What more do you need to know? Go buy it.
Finally, M. John Harrison’s Things That Never Happen, another volume of short stories with a sharp philosophical edge; you’ll cut yourself if you pick them up carelessly. All about desire, and its frustration, about our need for reassurance, for ontological solidity, and how it screws us up.
“And there’s always this fucking sign on the baker’s van: ‘REAL’ BREAD. I mean,” I asked the old man, “what’s that? Inverted fucking commas! Even the fucking bread calls its own existence into question?” (The East)
“In London the light was like the light you only see on record covers and in the color supplements. Photographic precision of outline under an empty blue sky is one of the most haunting features of the London landscape. Ordinary objects - a book, a bowl of anemones, someone’s hand - seem to be lit in a way which makes them very distinct from their background. The identity of things under this light seems enhanced. Their visual distinctness becomes metonymic of the reality we perceive both in them and in ourselves” (A Young Man’s Journey to London).
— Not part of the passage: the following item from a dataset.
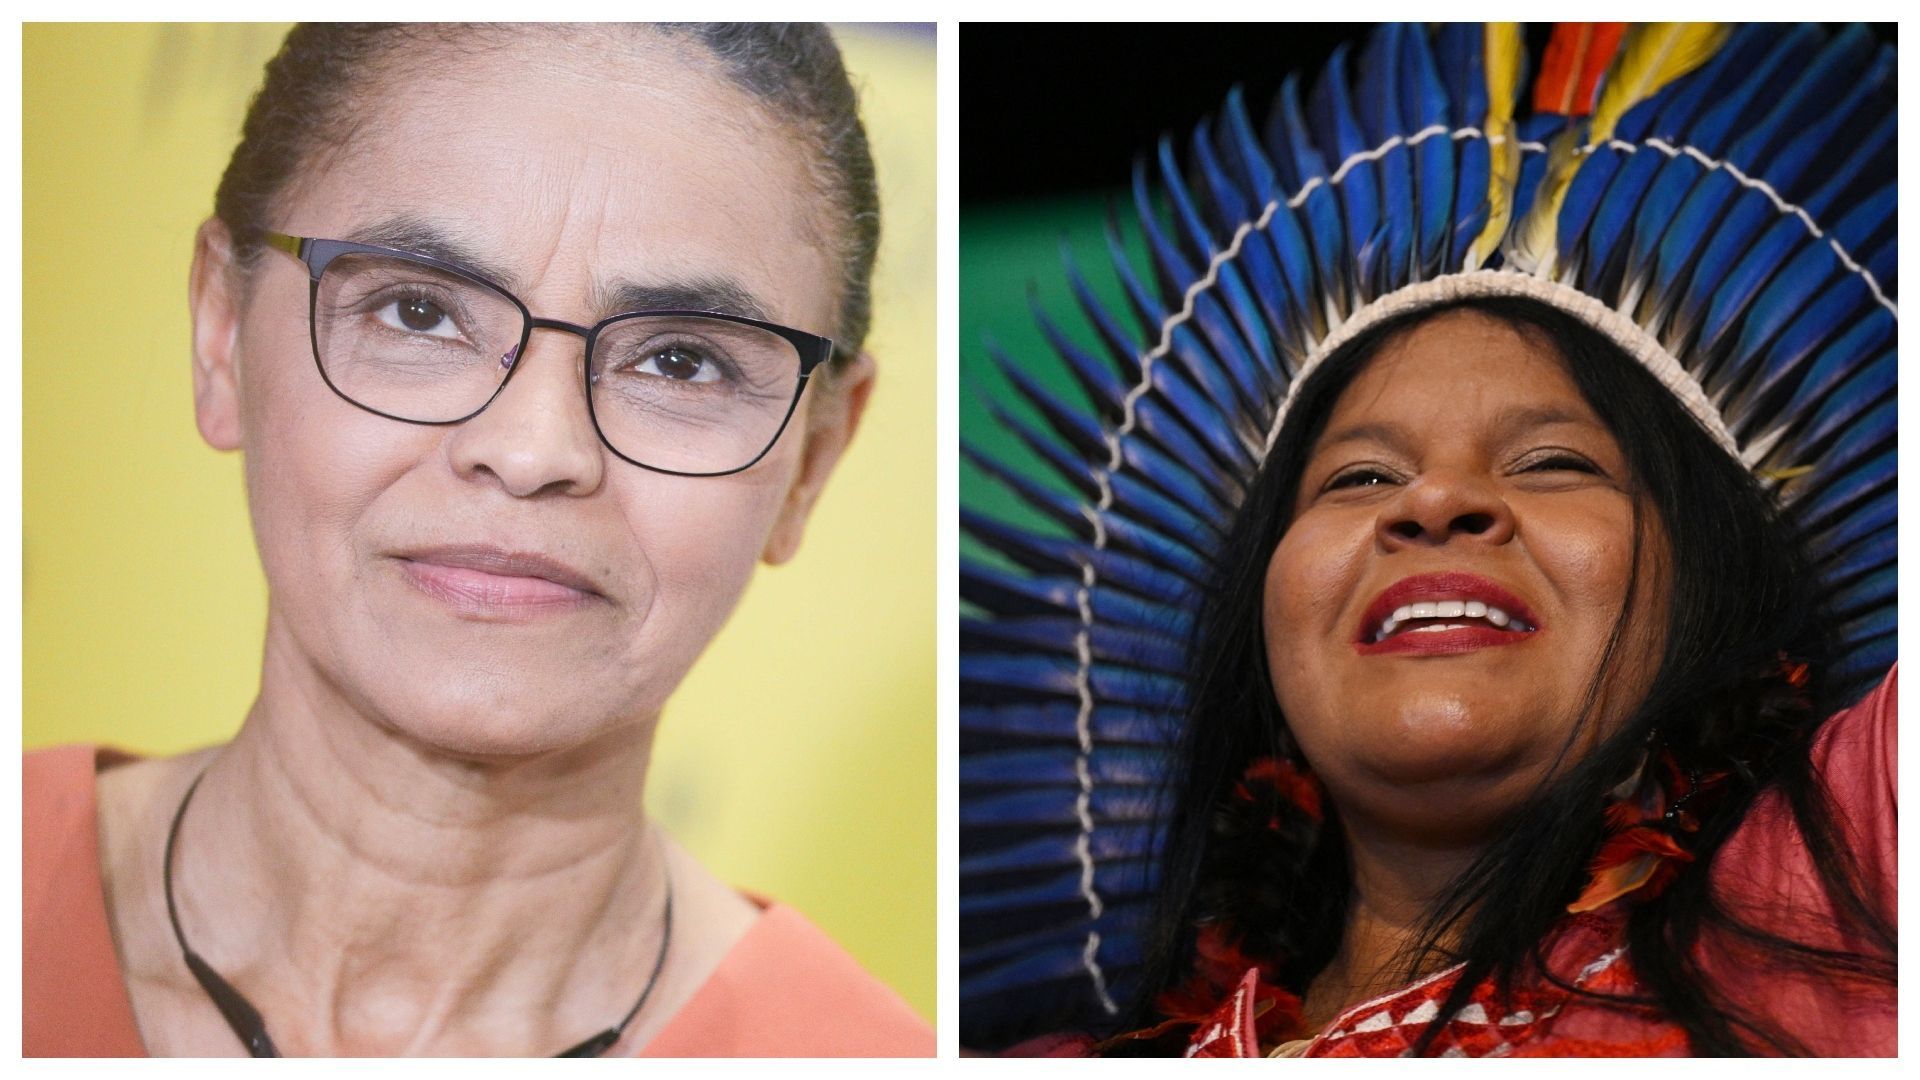 A gauche, Marina Silva, nouvelle Ministre de l’Environnement. A droite, la leader autochtone Sonia Guajajara, nouvelle Ministre des peuples indigènes.

Harrison is one of the best prose stylists of his generation; his writing is savage, lucid and exact. Strongly recommended.
I settled down last night to re-read Firebreak, Richard Stark (aka Donald Westlake’s) last-but-one Parker novel, which begins with the sentence.
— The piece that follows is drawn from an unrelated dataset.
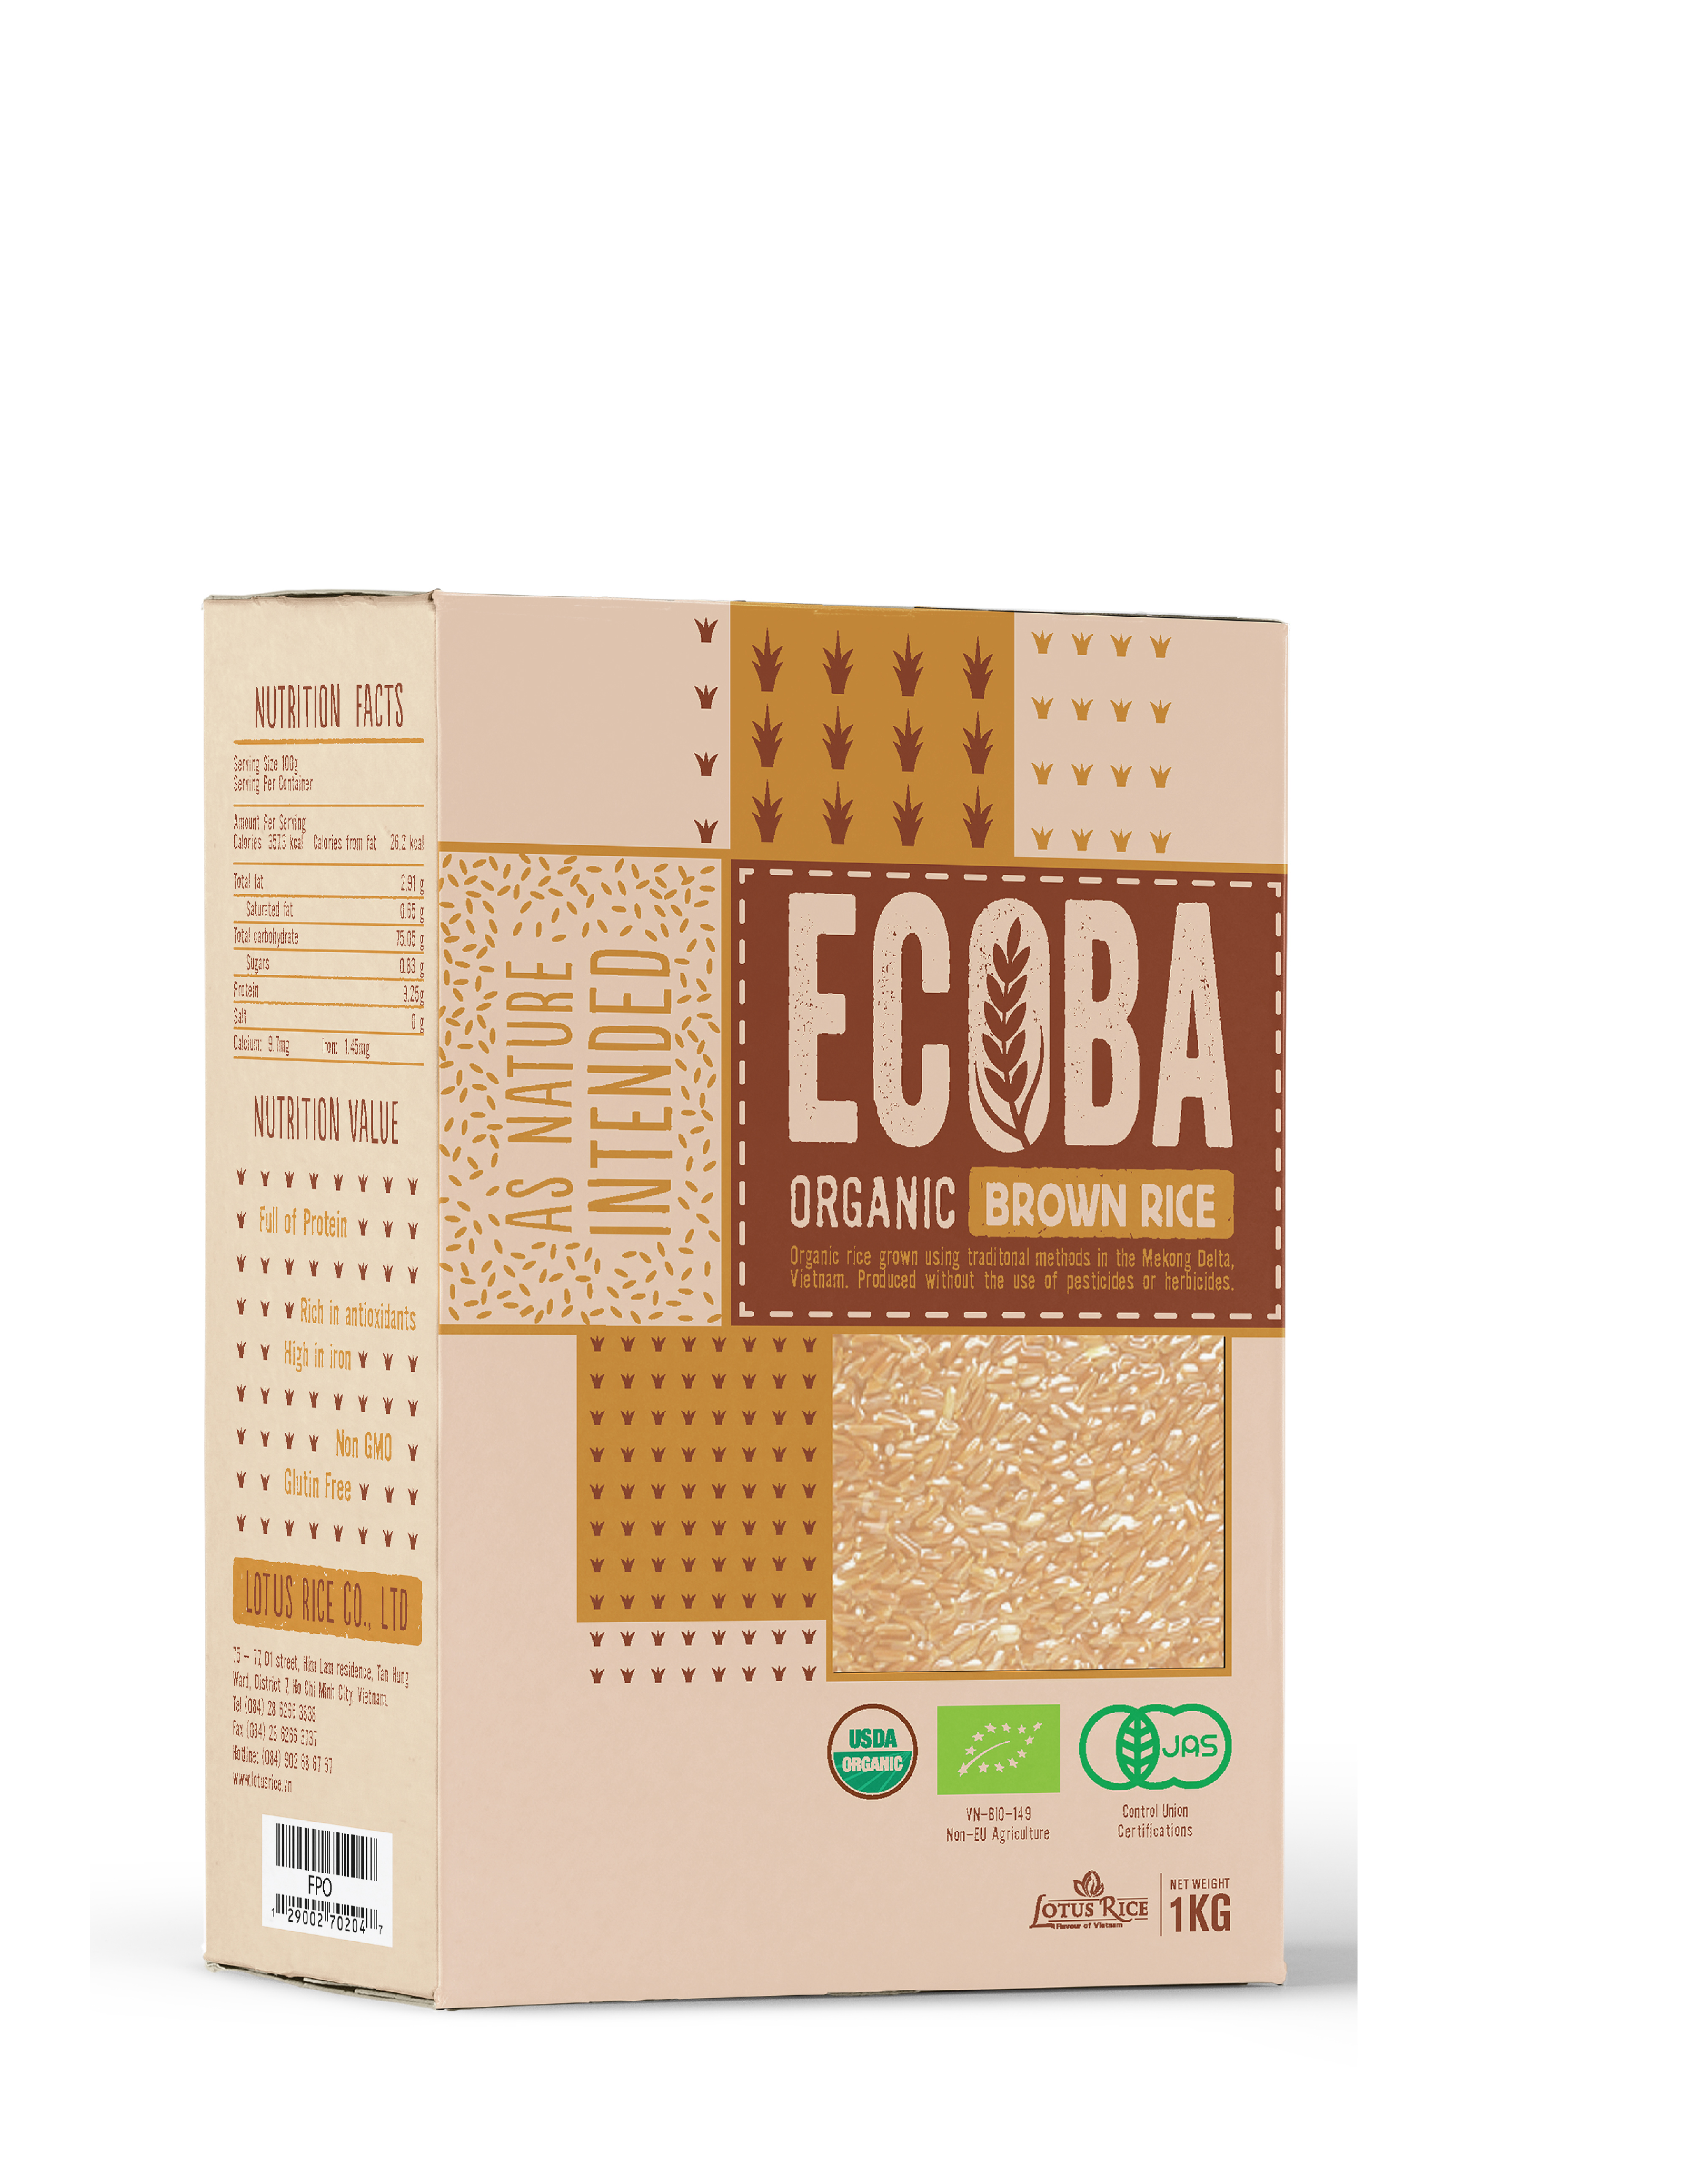 ECOBA - Organic Brown Rice

When the phone rang, Parker was in the garage, killing a man.
This induced a feeling of complete comfort in me, which is rather odd when you think about it. Why is it that so many people find it relaxing to read about murder and violent crime?
I’m not the only one by any means - there are murder mysteries by the yard down at your local bookstore, ranging from the hardboiled to the ghastly coy (housecats as detectives). All of them - even the goriest - are comfort reading. G.K. Chesterton, no mean constructor of mysteries himself, describes this property of the detective novel precisely in one of his Father Brown stories, when a philosopher speaks to the joys of reading a penny-dreadful called The Bloody Thumb.
“I can’t analyse myself well,” went on Boulnois; “but sitting in that chair with that story I was as happy as a schoolboy on a half-holiday. It was security, eternity—I can’t convey it… the cigars were within reach…the matches were within reach… the Thumb had four more appearances to…it was not only a peace, but a plenitude.”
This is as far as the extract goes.